Use of aromatase inhibitors in large cell calcifying sertoli cell tumors: effects on gynecomastia, growth velocity, and bone age.

J Clin Endocrinol Metab

Section on Endocrinology and Genetics (M.K.C., E.G., M.L., C.A.S.), Program on Developmental Endocrinology and Genetics, Eunice Kennedy Shriver National Institutes of Child Health and Human Development, National Institute of Health, Bethesda, Maryland 20892; Division of Endocrinology (M.K.C.), Boston Children's Hospital, Boston, Massachusetts 02115; and Division of Pediatric Endocrinology (E.G.), Georgetown University, Washington, D.C. 20007.

Published: December 2014

Context: Large cell calcifying Sertoli cell tumors (LCCSCT) present in isolation or, especially in children, in association with Carney Complex (CNC) or Peutz-Jeghers Syndrome (PJS). These tumors overexpress aromatase (CYP19A1), which leads to increased conversion of delta-4-androstenedione to estrone and testosterone to estradiol. Prepubertal boys may present with growth acceleration, advanced bone age, and gynecomastia.

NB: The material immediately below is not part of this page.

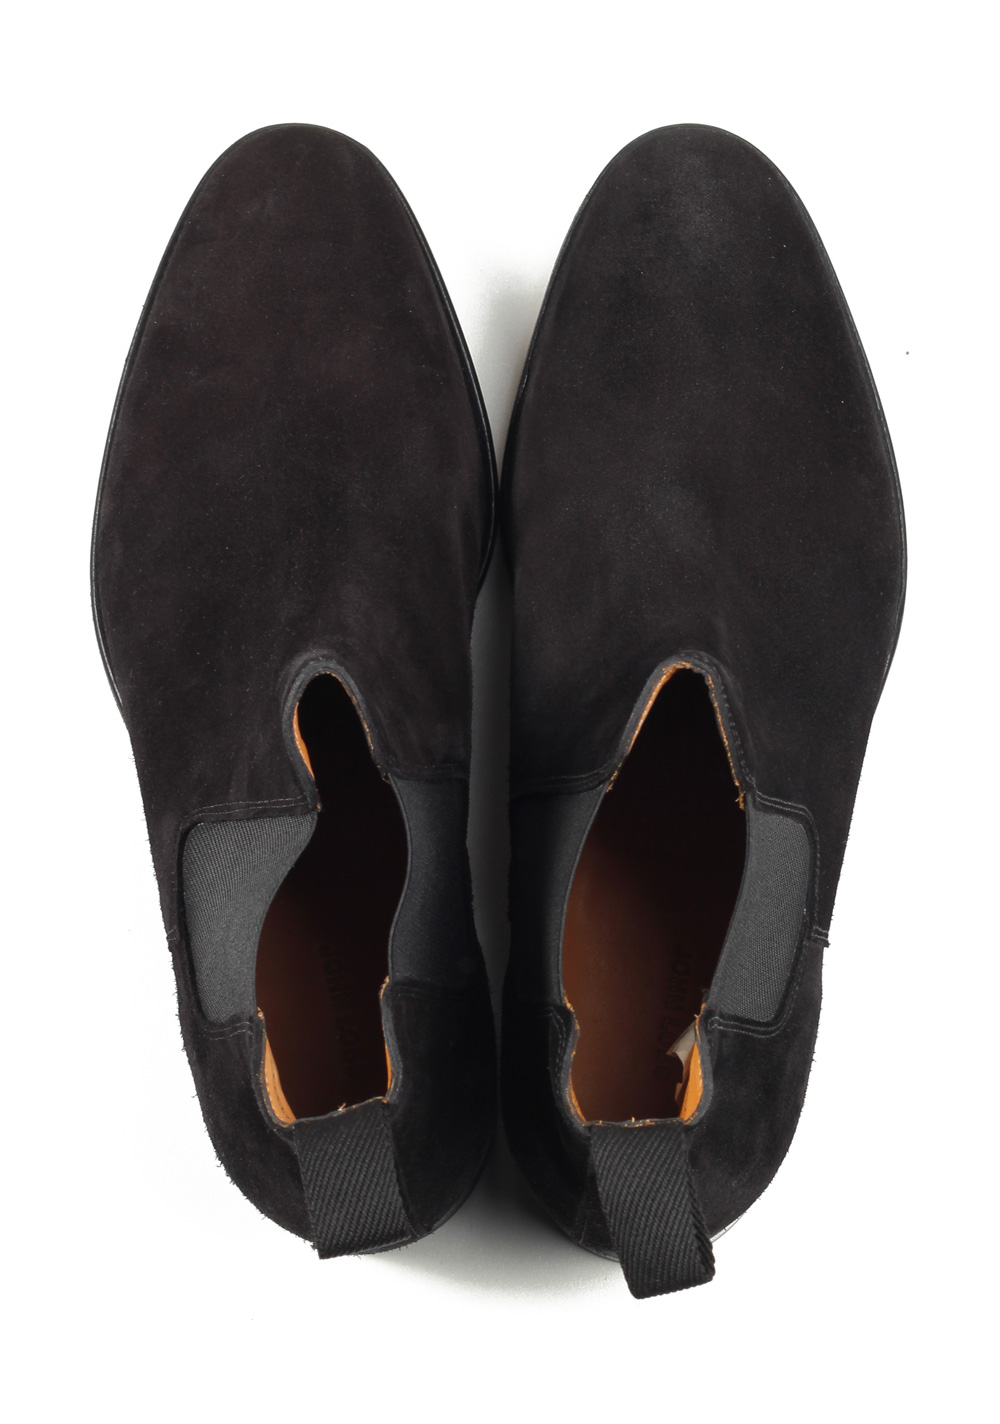 John Lobb Lawry Black Chelsea Boot Shoes Size 7 UK / 8 U.S. On 8695 Last | Costume Limité

Objective: To investigate the outcomes of aromatase inhibitor therapy (AIT) in prepubertal boys with LCCSCTs.

Design: Case series of a very rare tumor and chart review of cases treated at other institutions.

Setting: Tertiary care and referral center.

Patients: Six boys, five with PJS and one with CNC, were referred to the National Institutes of Health for treatment of LCCSCT. All patients had gynecomastia, testicular enlargement, and advanced bone ages, and were being treated by their referring physicians with AIT.

Interventions: Patients were treated for a total of 6-60 months on AIT.

Main Outcome Measures: Height, breast tissue mass, and testicular size were all followed; physical examination, scrotal ultrasounds, and bone ages were obtained, and hormonal concentrations and tumor markers were measured.

Results: Tumor markers were negative. All patients had decreases in breast tissue while on therapy. Height percentiles declined, and predicted adult height moved closer to midparental height as bone age advancement slowed. Testicular enlargement stabilized until entry into central puberty. Only one patient required unilateral orchiectomy.

Conclusions: Patients with LCCSCT benefit from AIT with reduction and/or elimination of gynecomastia and slowing of linear growth and bone age advancement. Further study of long-term outcomes and safety monitoring are needed but these preliminary data suggest that mammoplasty and/or orchiectomy may be foregone in light of the availability of medical therapy.